Summary. The manuscript introduces PostEDA-Bench, a hierarchical benchmark comprising 145 tasks across DRC-Essential, DRC-Reasoning, PPA-Mono, and PPA-Multi categories, supported by EDA toolchains and machine-checkable PPA/DRC metrics. It evaluates eight commercial and open-source LLMs under multiple agent scaffolds and reports that agents handle synthetic DRC-Essential and single-objective PPA-Mono tasks reasonably well but degrade sharply on DRC-Reasoning (best success rate 36.66%) and PPA-Multi (best success rate 20.00%), with vision augmentation aiding DRC tasks and trade-off reasoning identified as the dominant bottleneck for multi-objective PPA.

Significance. If the tasks are representative, the benchmark would offer a reproducible framework for assessing LLM agents on post-EDA sign-off, highlighting concrete limitations in complex reasoning and multi-objective optimization. The use of machine-checkable evaluation metrics is a clear strength that supports direct, falsifiable measurements against external toolchains.

major comments (1)

[Task Construction and Evaluation (implied in sections describing the four categories)] The central claim that agents degrade on 'more practical' DRC-Reasoning and PPA-Multi tasks (Abstract) depends on the 145 tasks faithfully representing real post-EDA workflows. No external validation—such as expert review of netlists/violation patterns or comparison against production tape-out logs—is described to confirm that the chosen tasks, DRC patterns, and multi-objective trade-offs match industry cases rather than synthetic artifacts. This assumption is load-bearing for interpreting the reported gaps (36.66% and 20.00%) as general agent limitations.

minor comments (2)

[Abstract] The abstract states results across 'eight commercial and open-source LLMs' but does not enumerate the specific models or scaffolds; listing them explicitly would improve reproducibility.
[Evaluation Protocol] Clarify the exact definition of 'success rate' (e.g., whether it aggregates across multiple agent runs, temperature settings, or requires strict machine-checkable closure without downstream timing interactions).

Simulated Author's Rebuttal

1 responses · 0 unresolved

We thank the referee for the constructive feedback. We address the single major comment below.

read point-by-point responses

Referee: The central claim that agents degrade on 'more practical' DRC-Reasoning and PPA-Multi tasks (Abstract) depends on the 145 tasks faithfully representing real post-EDA workflows.
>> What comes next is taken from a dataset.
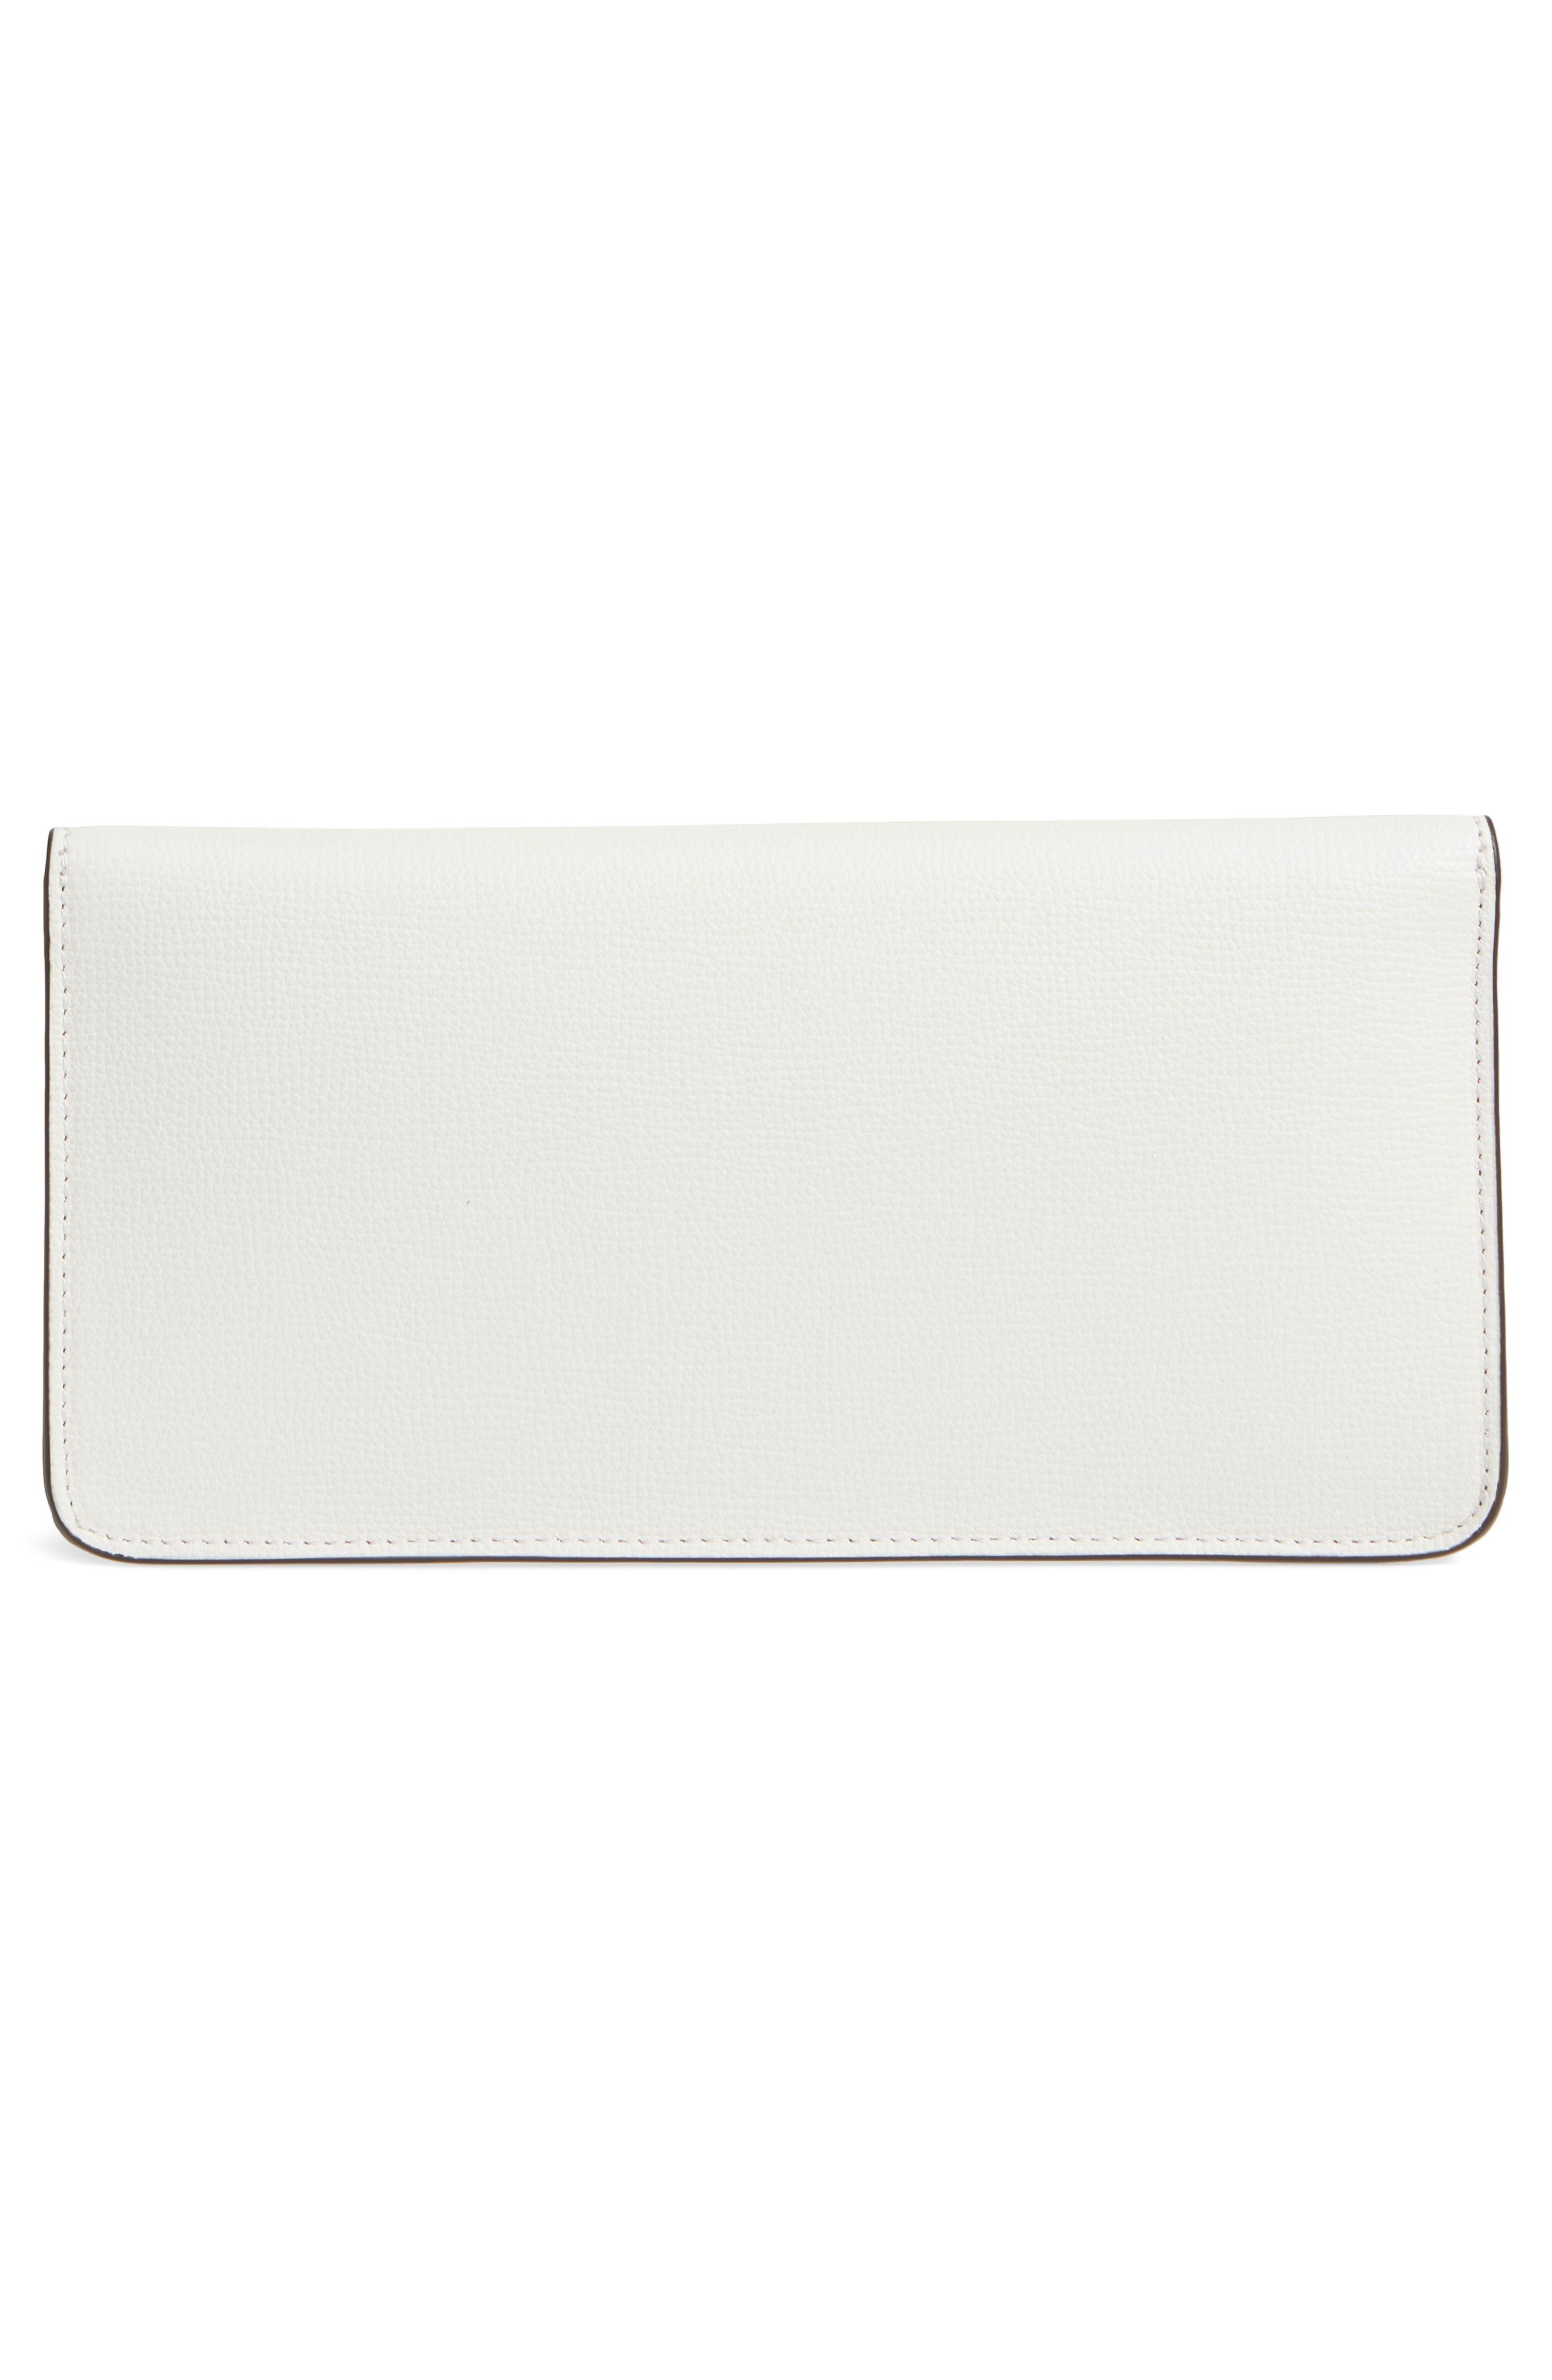 Kira Leather Envelope Clutch,                             Alternate thumbnail 3, color,                             BIRCH
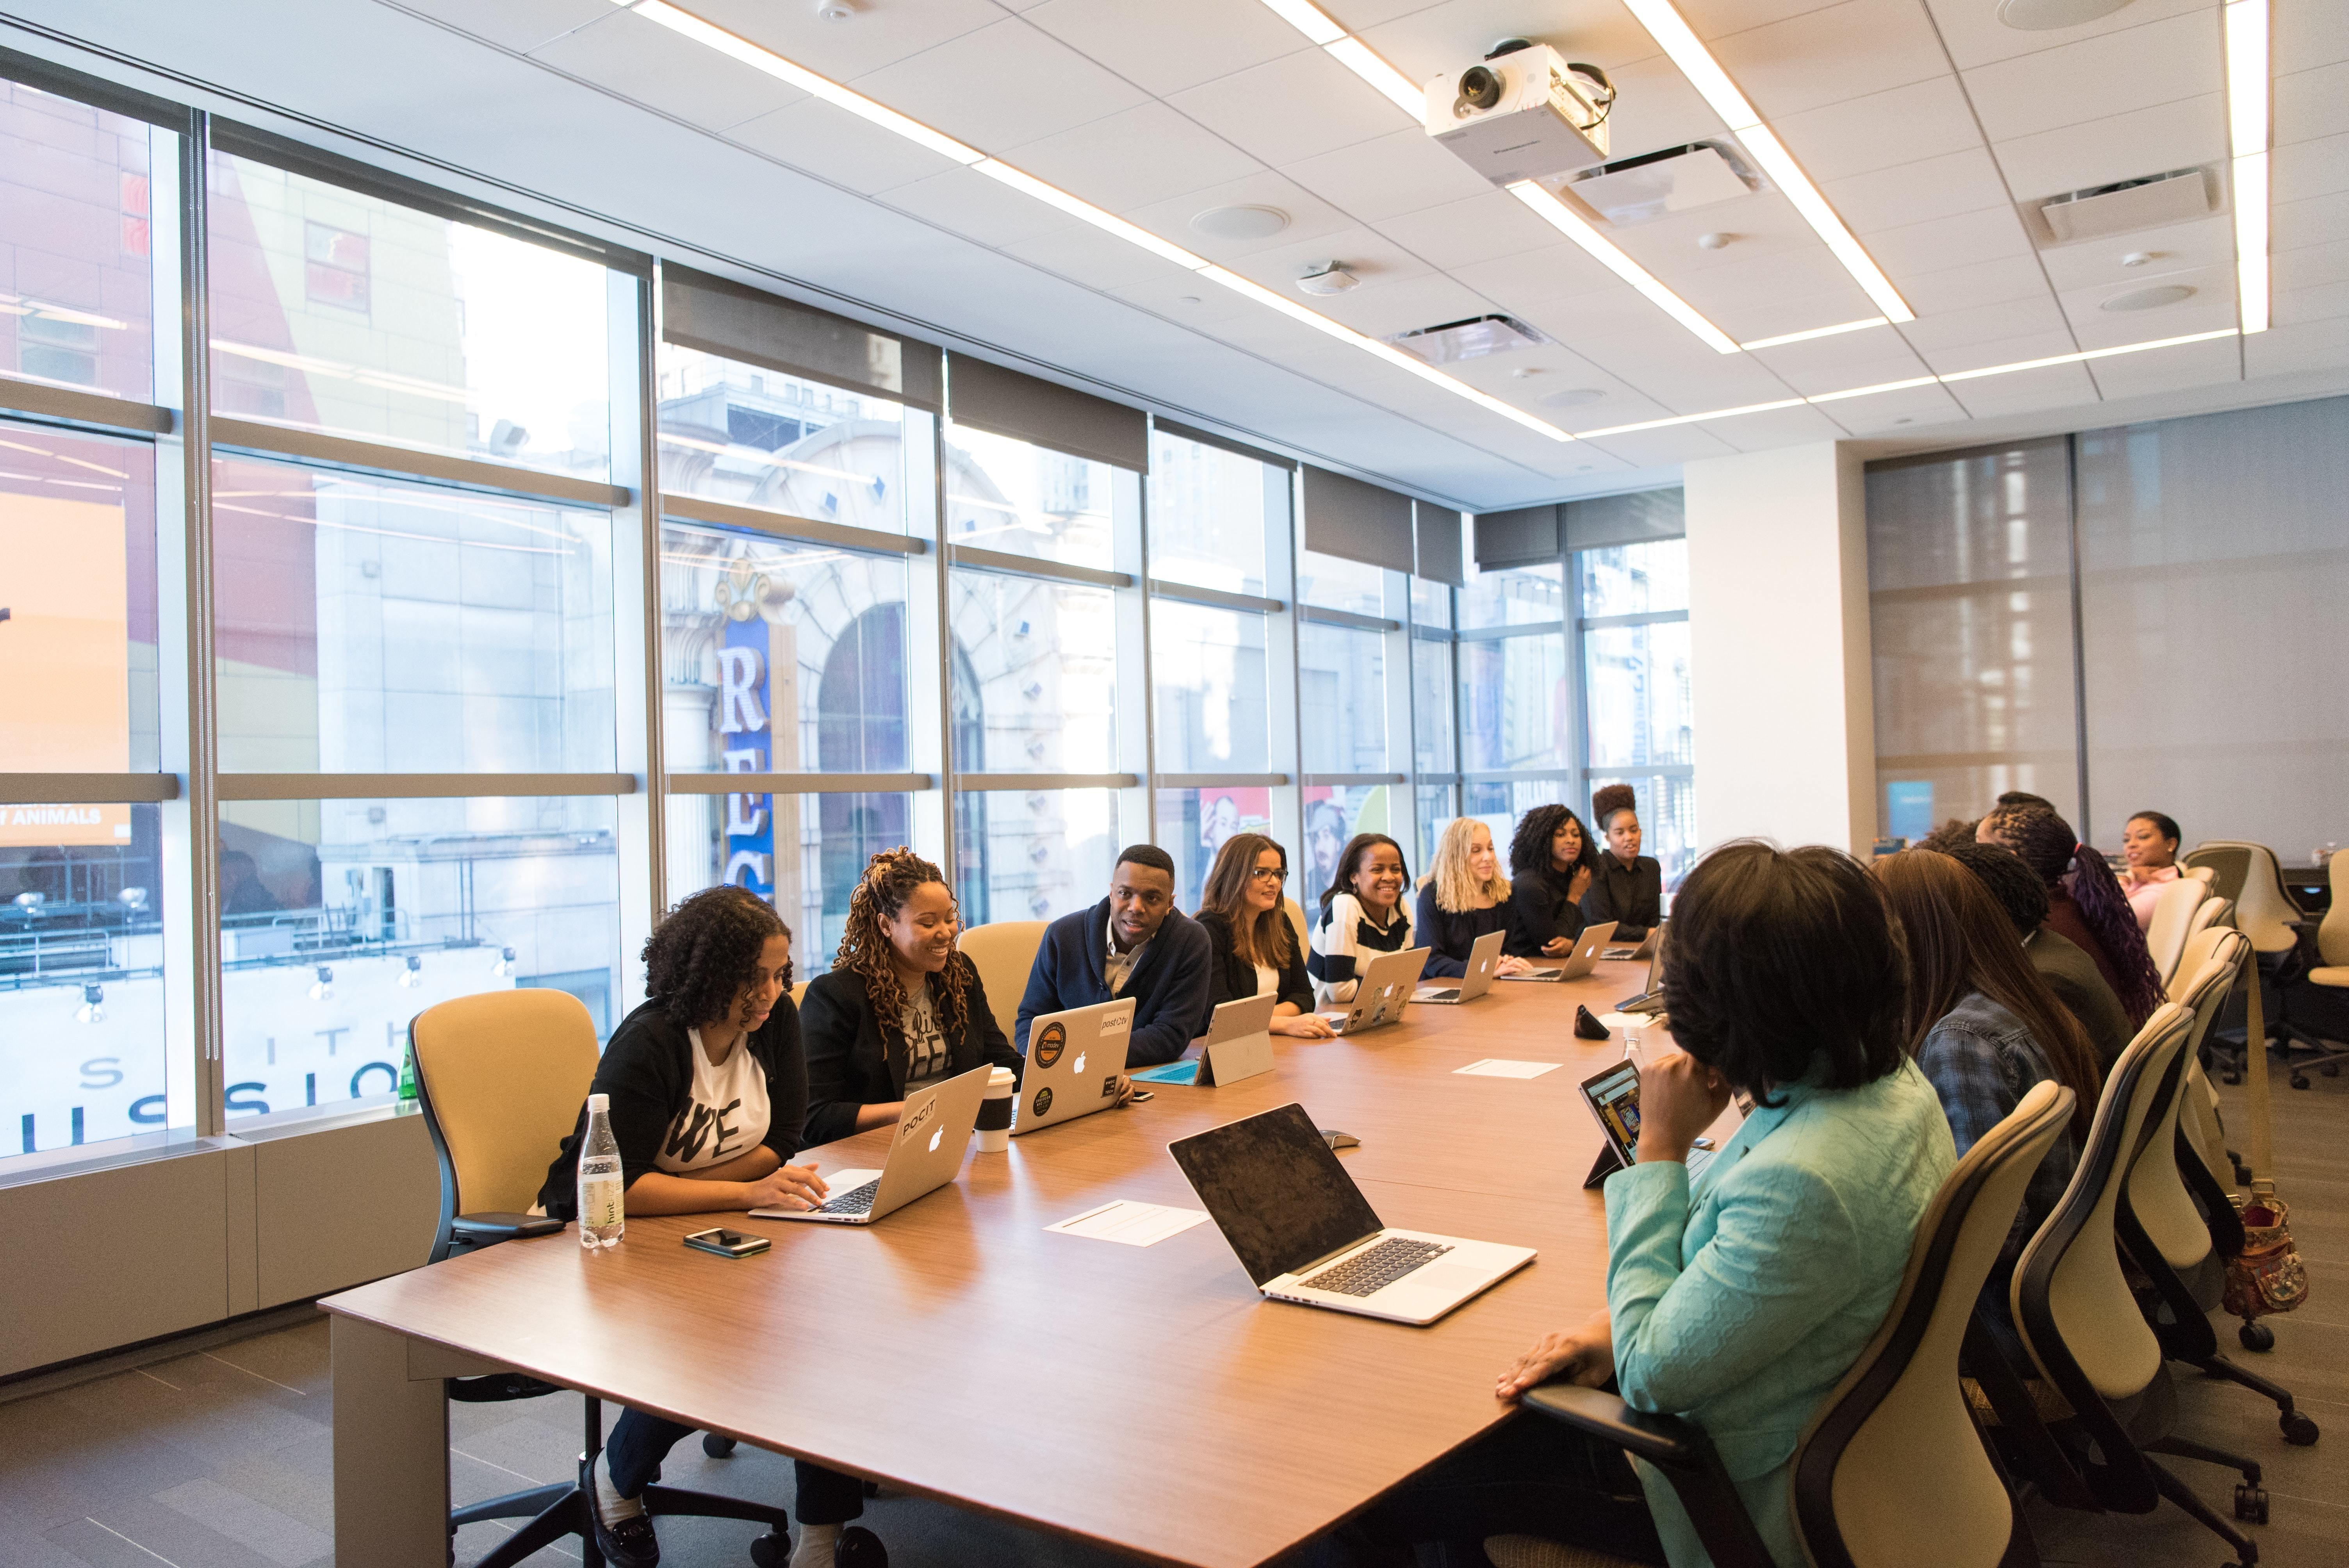 race racism systemic work workplace culture racial bias prejudice

No external validation—such as expert review of netlists/violation patterns or comparison against production tape-out logs—is described to confirm that the chosen tasks, DRC patterns, and multi-objective trade-offs match industry cases rather than synthetic artifacts. This assumption is load-bearing for interpreting the reported gaps (36.66% and 20.00%) as general agent limitations.

Authors: We agree that the manuscript provides no external validation (expert review or production-log comparison) to establish that the 145 tasks match real post-EDA workflows. The tasks were constructed hierarchically around standard EDA toolchains and machine-checkable metrics, with DRC-Essential tasks explicitly synthetic; the labels “more practical” for DRC-Reasoning and PPA-Multi rest on internal design choices rather than external grounding. We will revise the abstract, introduction, and add a limitations section to (1) state the synthetic construction explicitly, (2) remove or qualify the “more practical” phrasing, and (3) note that the observed gaps (36.66 % and 20 %) should be interpreted relative to this benchmark rather than as general agent limitations. These changes will be made in the next revision. revision: yes

Circularity Check

0 steps flagged

No significant circularity; empirical benchmark with direct measurements

full rationale

This is an empirical benchmark paper that defines 145 tasks across DRC-Essential, DRC-Reasoning, PPA-Mono, and PPA-Multi categories, then measures LLM agent success rates using machine-checkable PPA/DRC metrics from external EDA toolchains. No derivations, equations, fitted parameters, or first-principles predictions exist that could reduce to inputs by construction. No self-citations support load-bearing claims in any derivation chain. The central results are direct observations against independent tool flows, making the paper self-contained against external benchmarks.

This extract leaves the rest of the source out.